◆ DATA EXTRACT

★ ★ ★ ★ ★ ★ ★

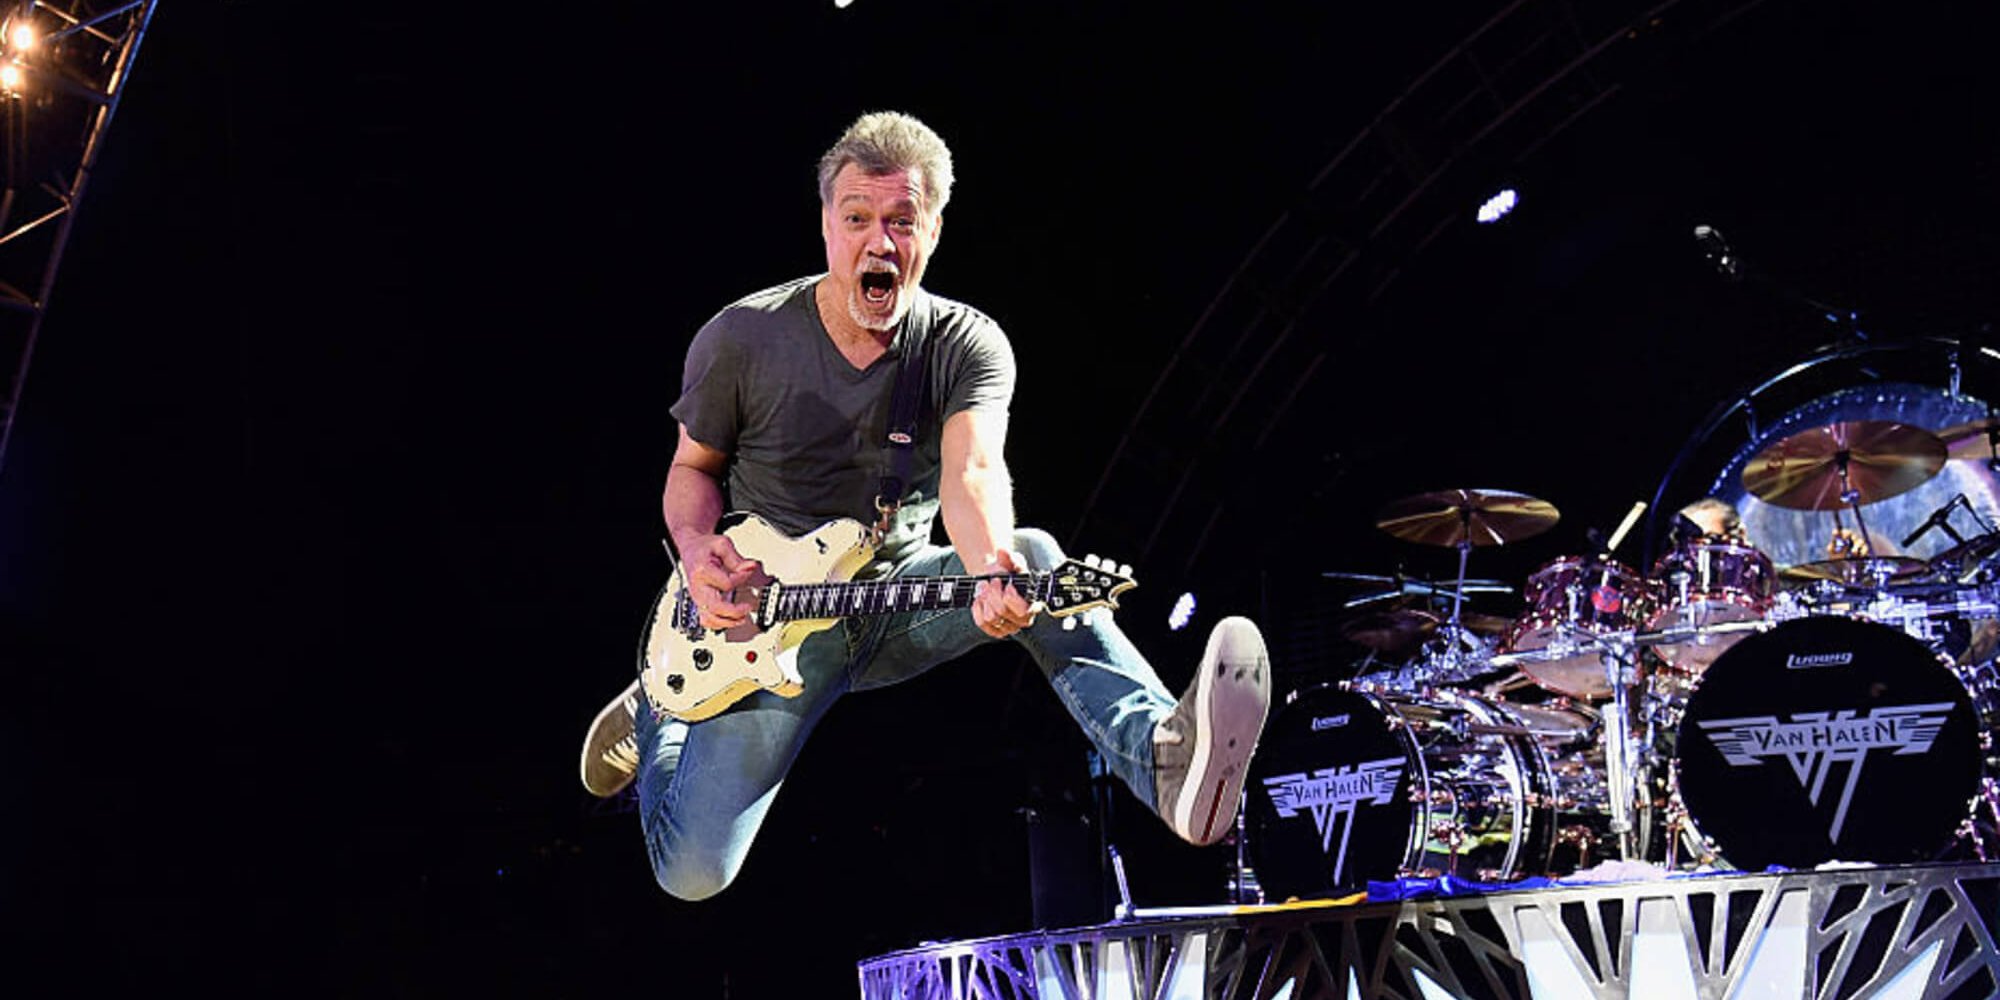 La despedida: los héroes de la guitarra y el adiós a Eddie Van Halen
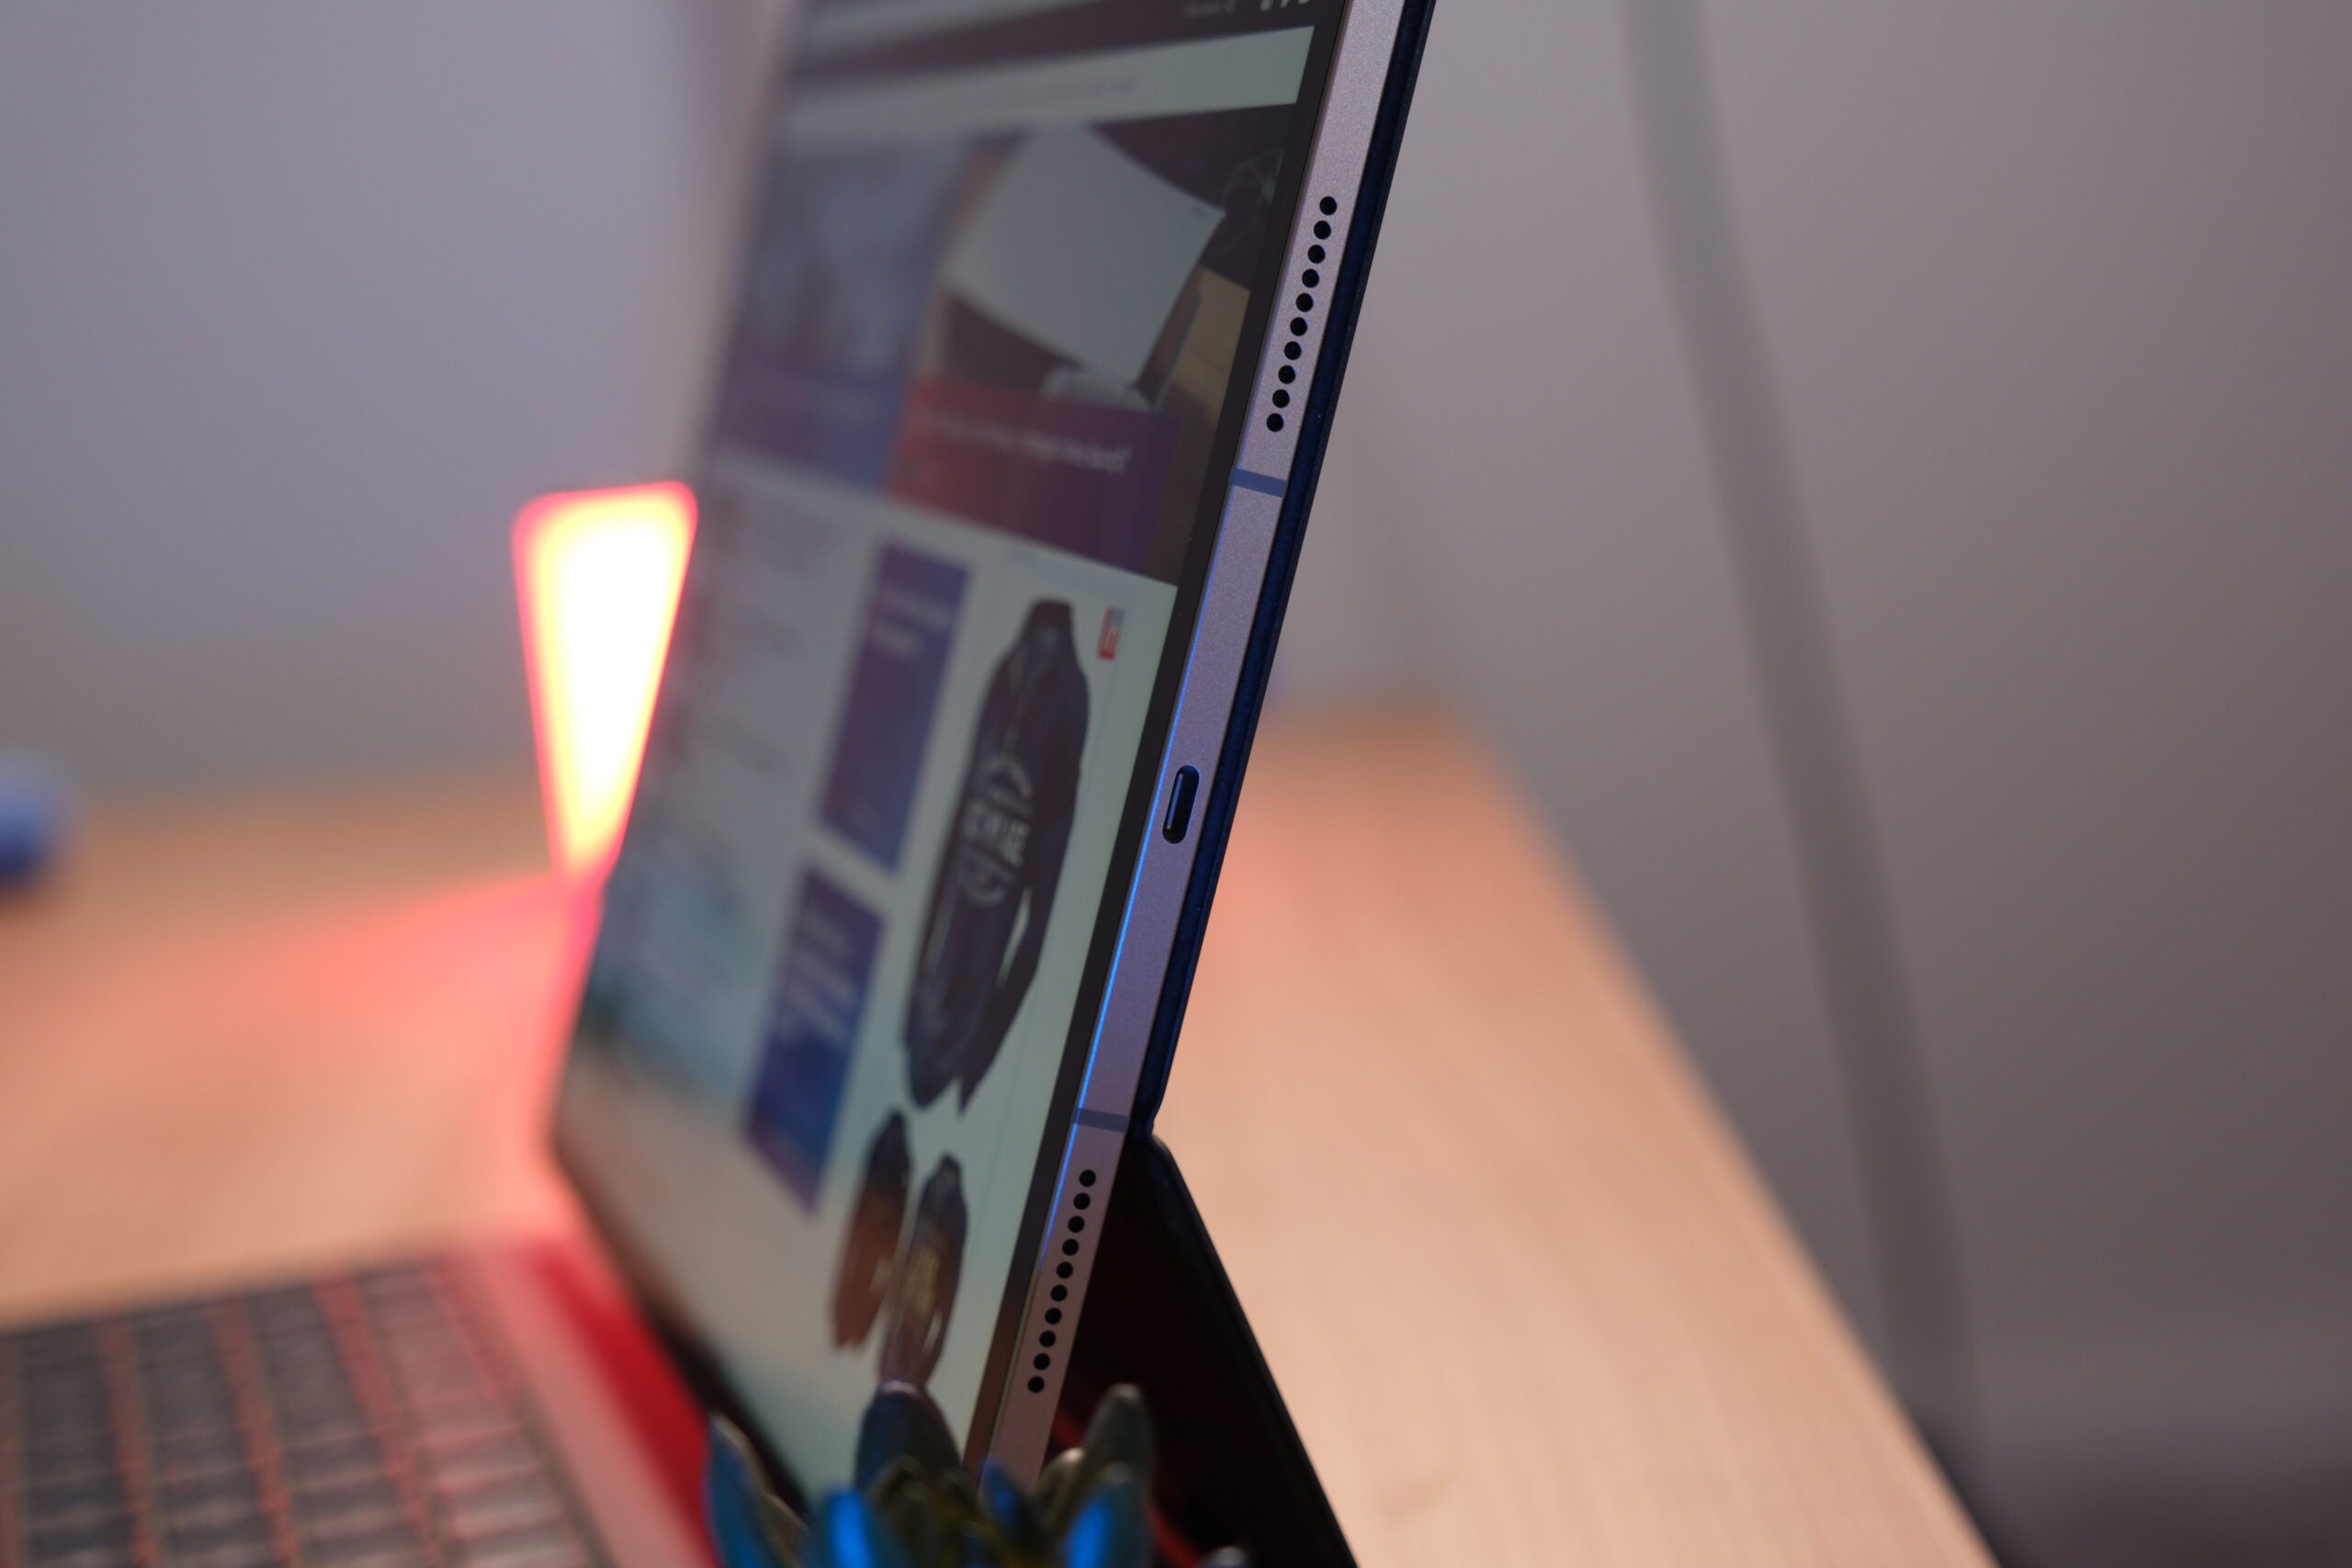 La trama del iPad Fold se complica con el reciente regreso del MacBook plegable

★ ★ ★ ★ ★ ★ ★

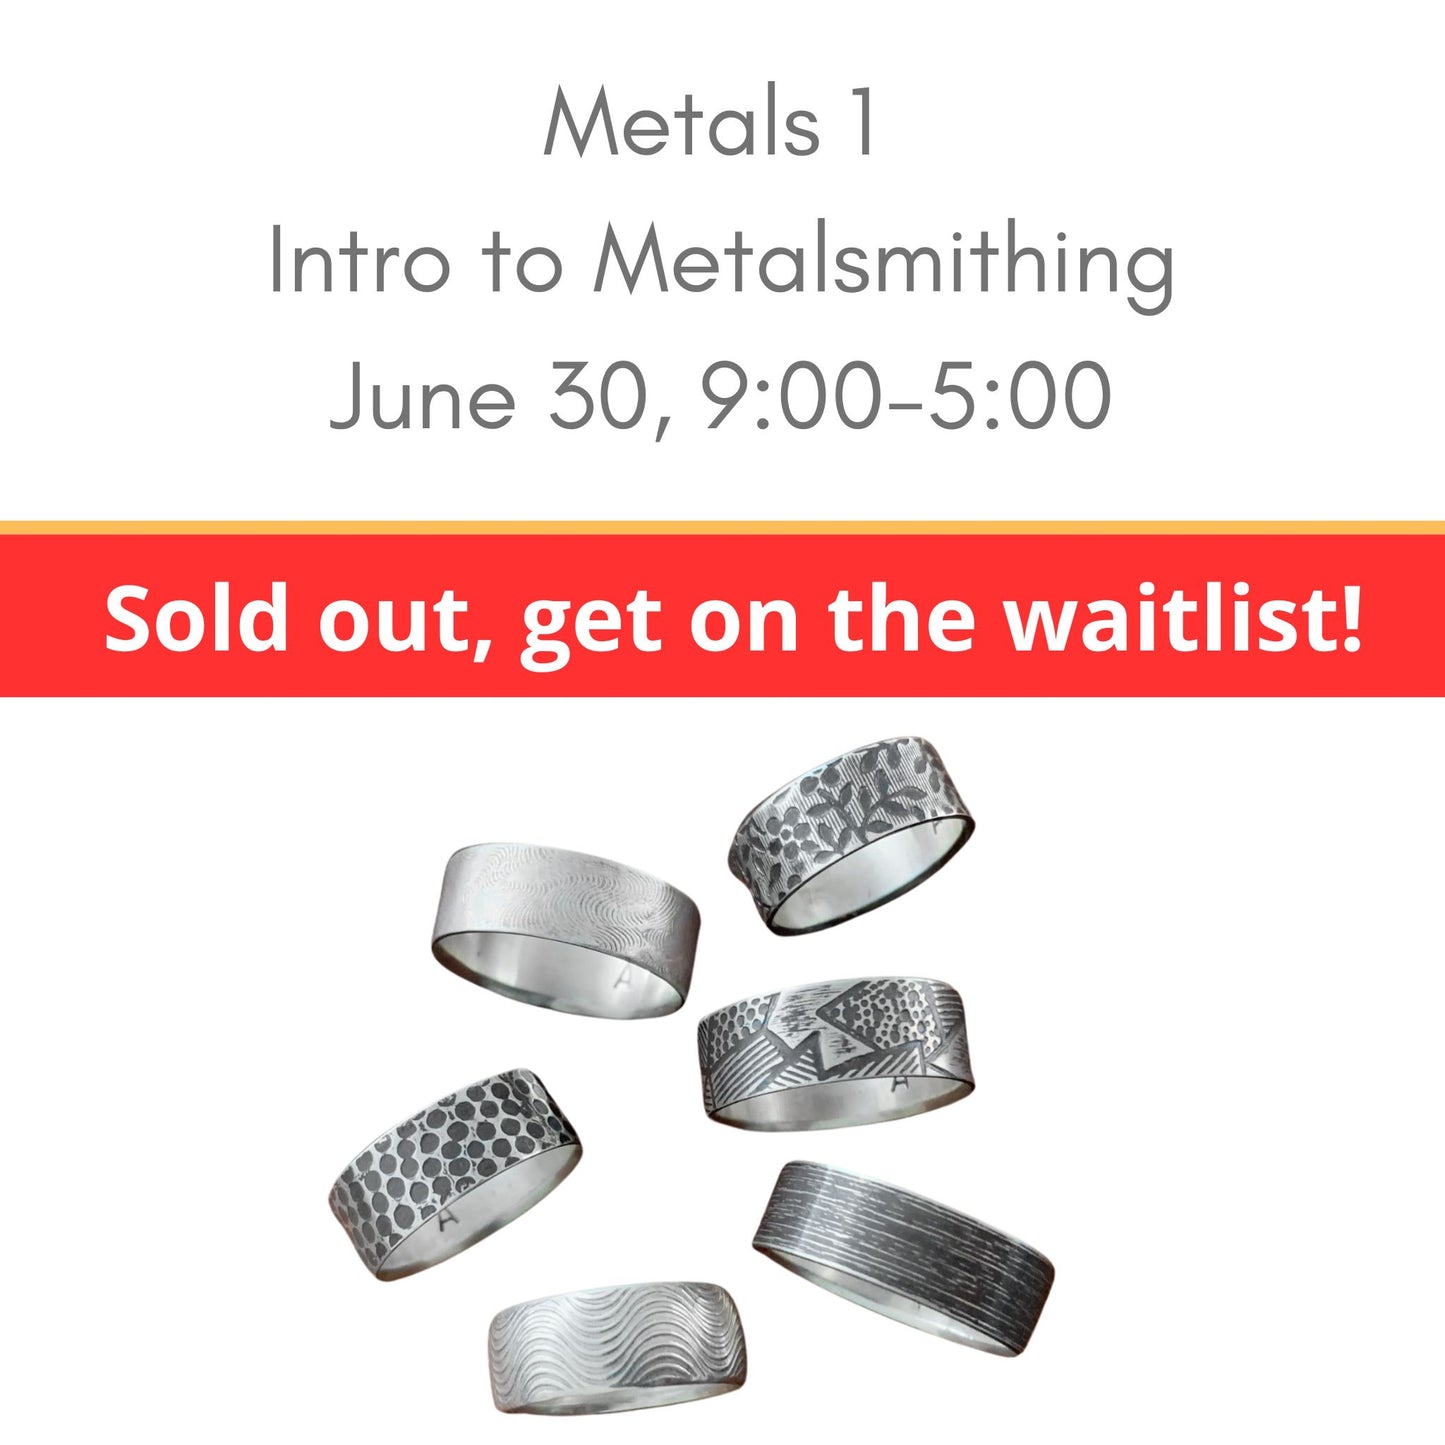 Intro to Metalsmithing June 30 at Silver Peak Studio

★ ★ ★ ★ ★ ★ ★

◆ PROBLEM TO WORK ON
From the records above, copy only the lines running from the line containing "La despedida: los" to the line containing "La trama del", both ends included. Leave the pictures out.

◆ ANSWER TO THIS EXERCISE
 La despedida: los héroes de la guitarra y el adiós a Eddie Van Halen
 La trama del iPad Fold se complica con el reciente regreso del MacBook plegable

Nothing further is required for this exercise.